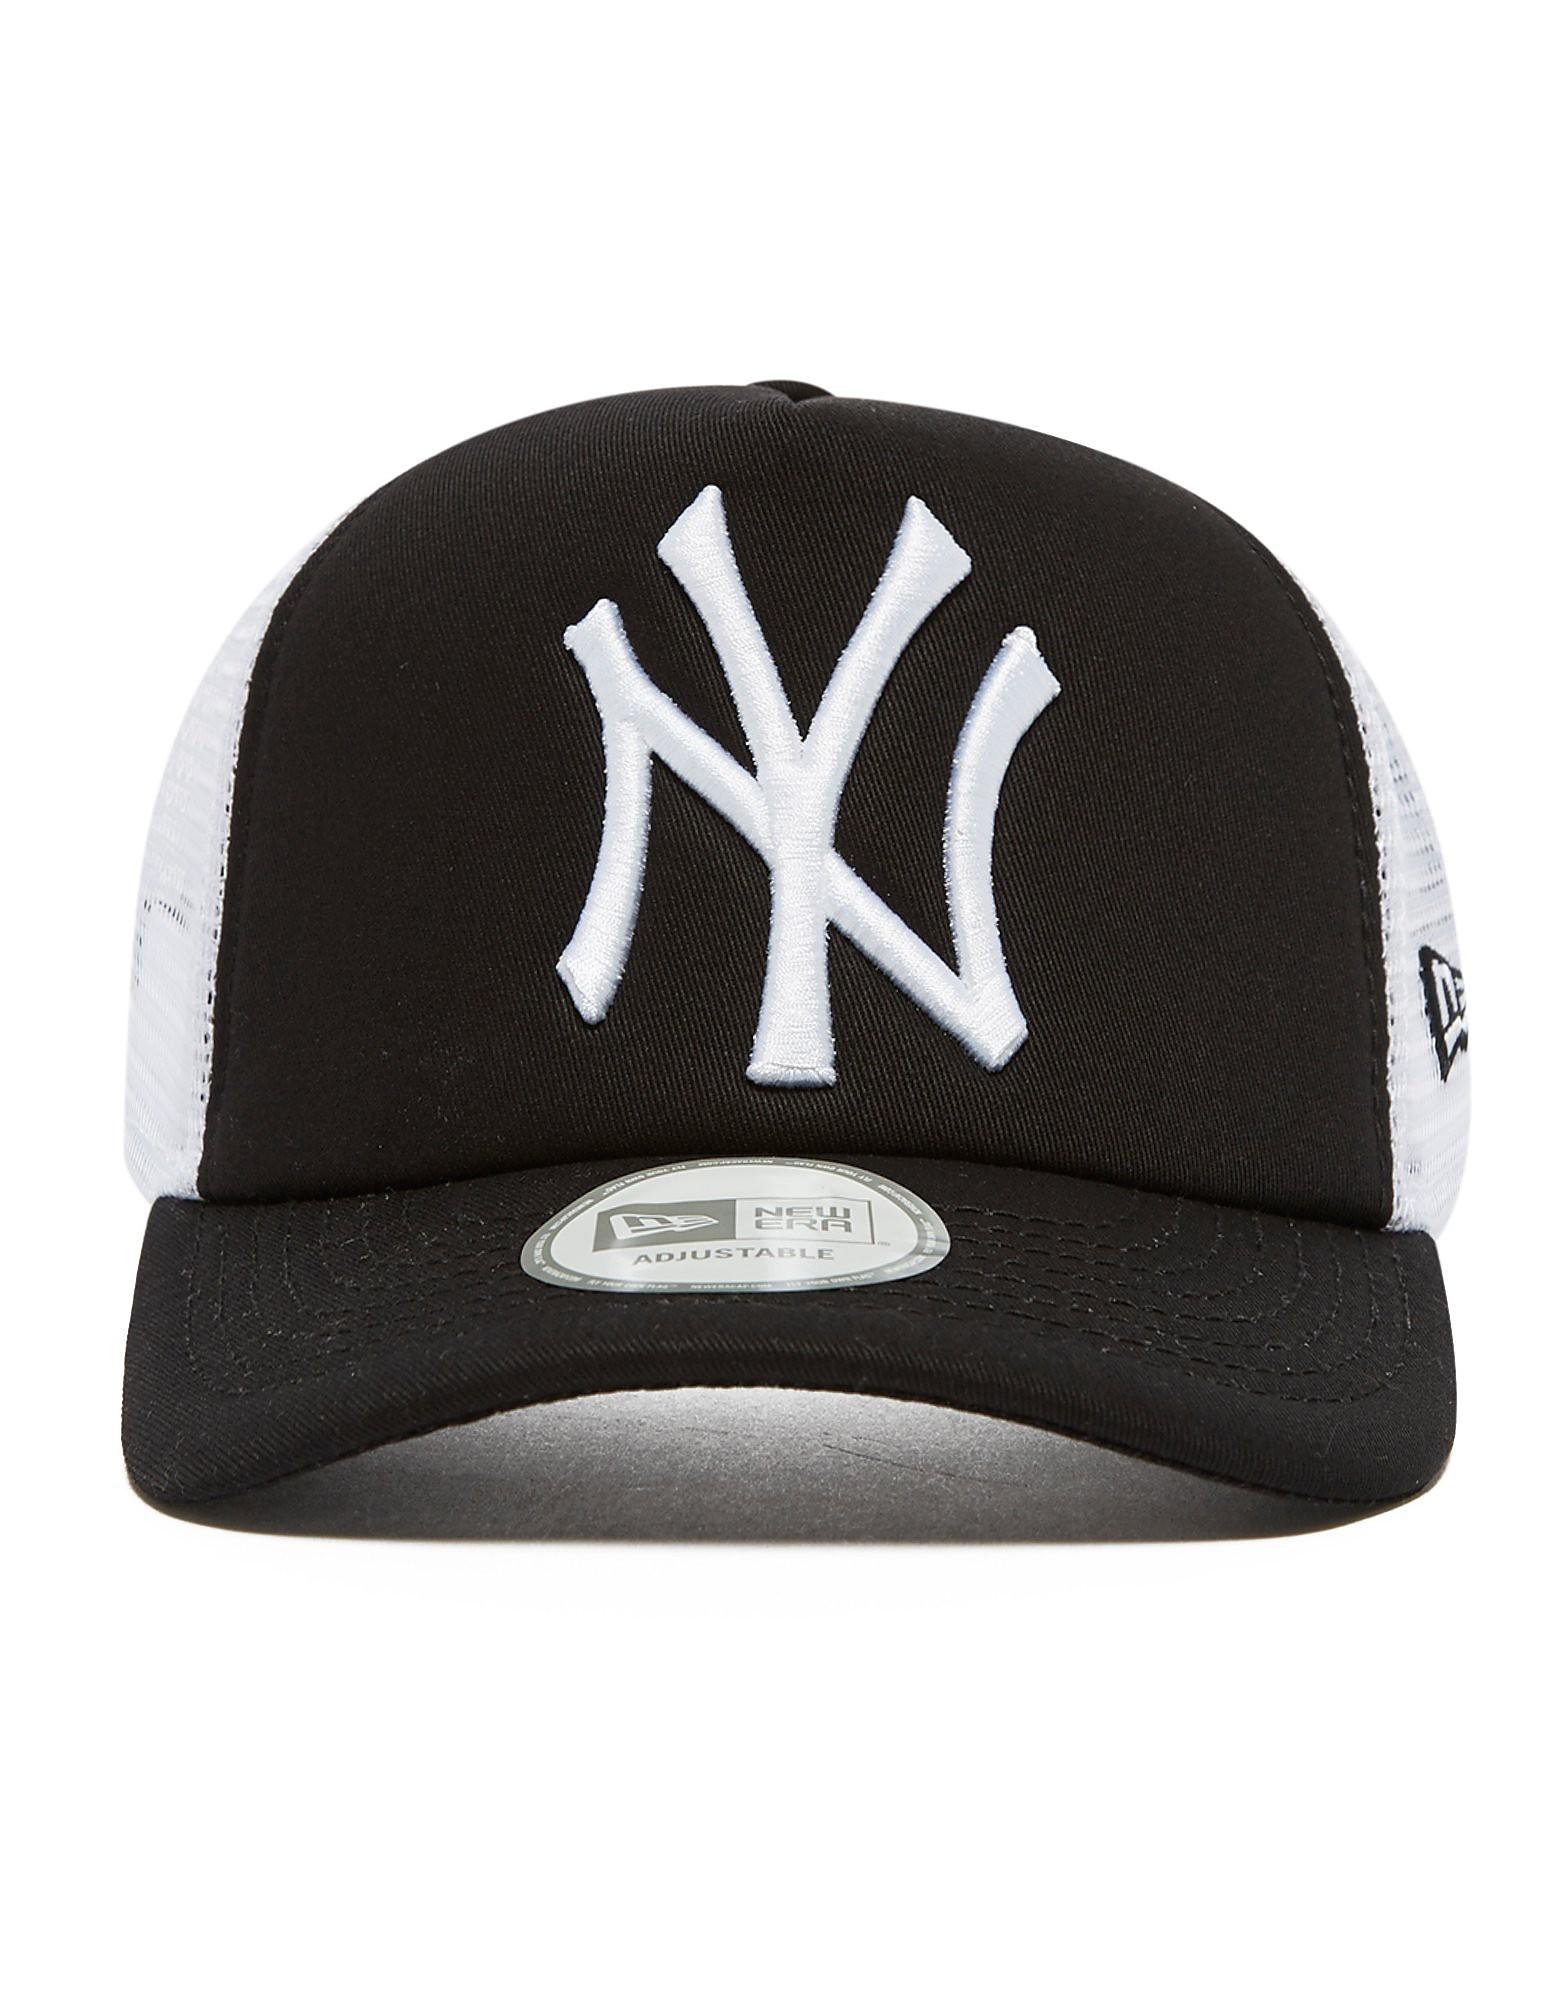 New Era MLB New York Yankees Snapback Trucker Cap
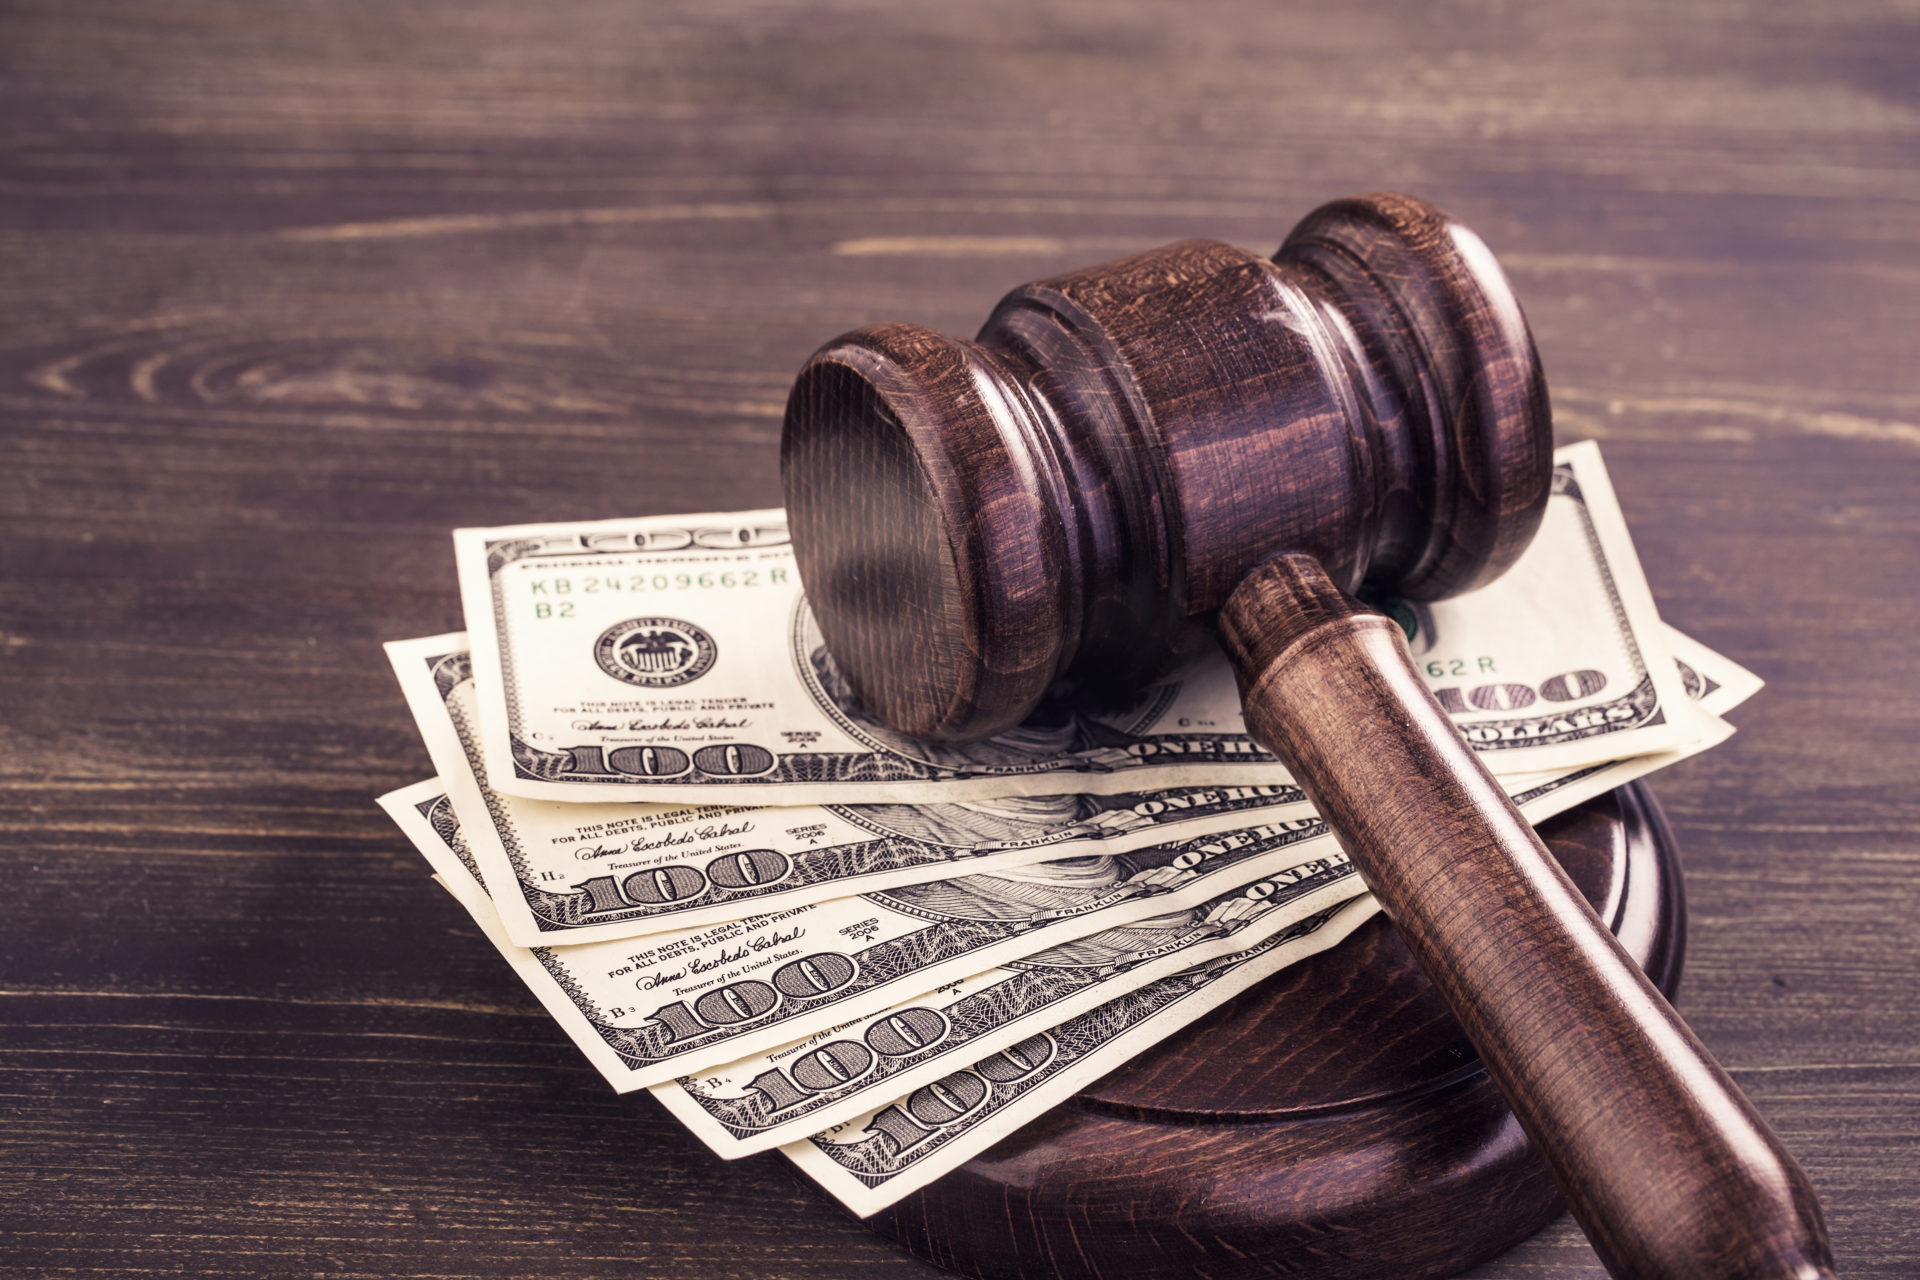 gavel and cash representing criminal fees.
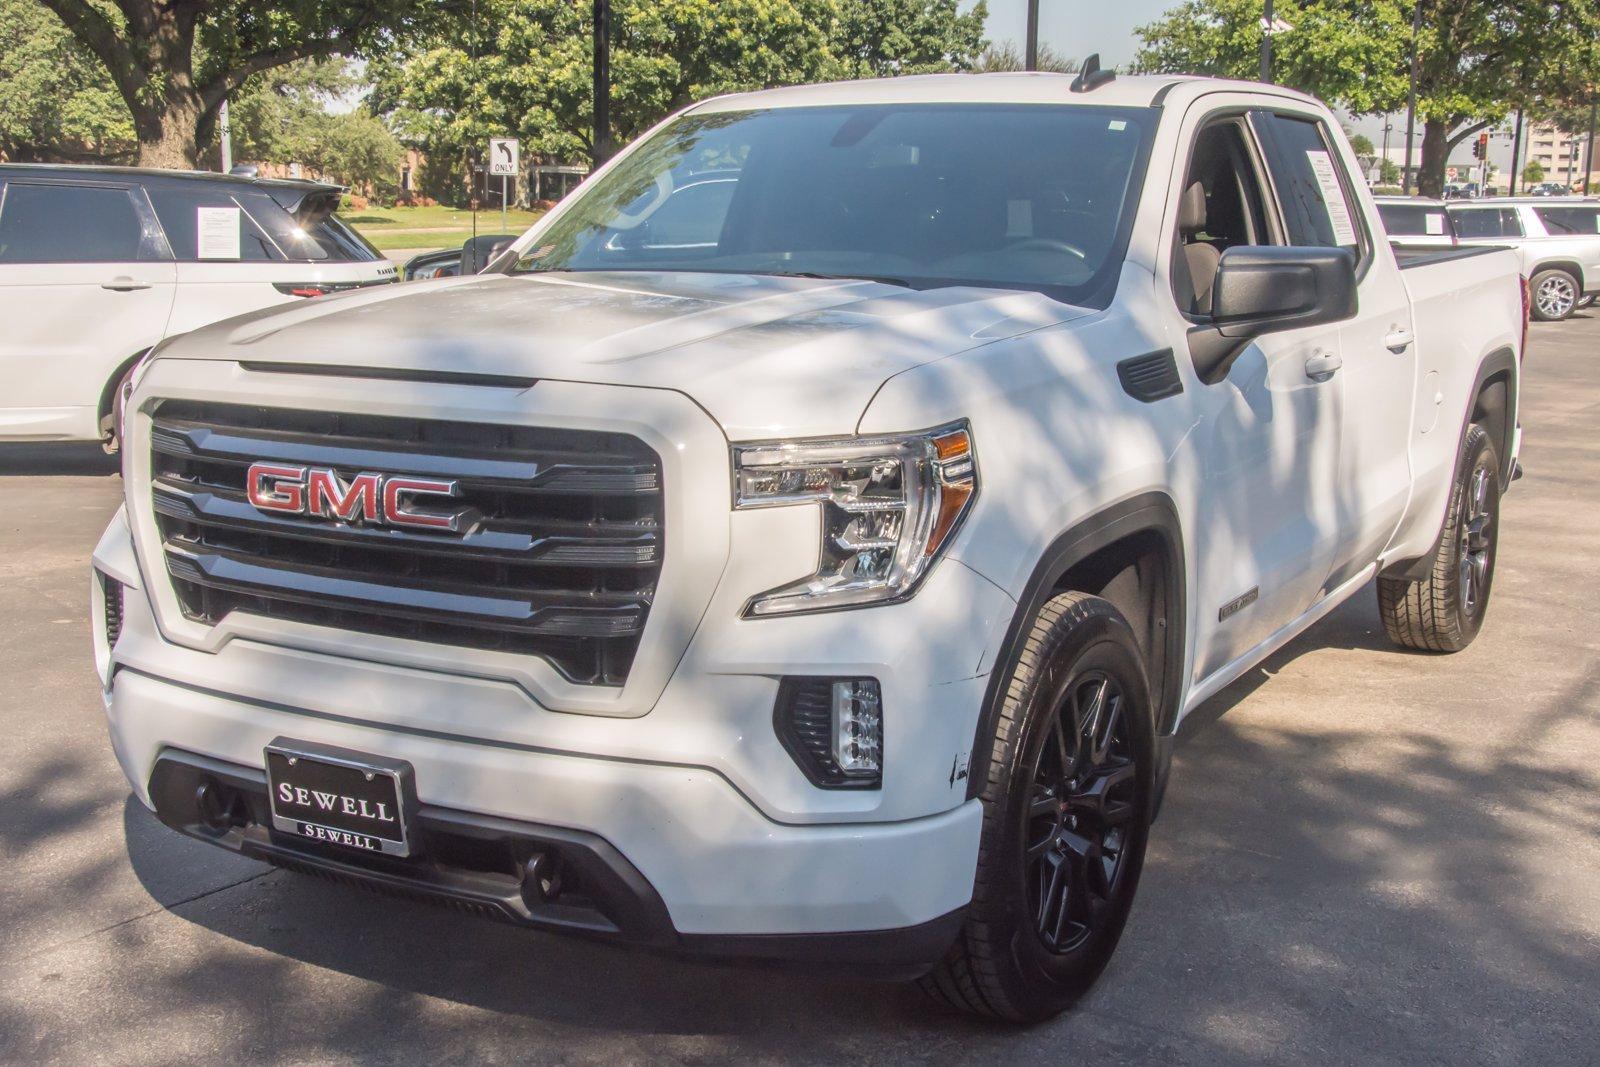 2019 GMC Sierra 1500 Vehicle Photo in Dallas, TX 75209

**Work instructions**
Once the pictures are set aside, give the rest of the listing again exactly.

**Exercise output**
 New Era MLB New York Yankees Snapback Trucker Cap
 gavel and cash representing criminal fees.
 2019 GMC Sierra 1500 Vehicle Photo in Dallas, TX 75209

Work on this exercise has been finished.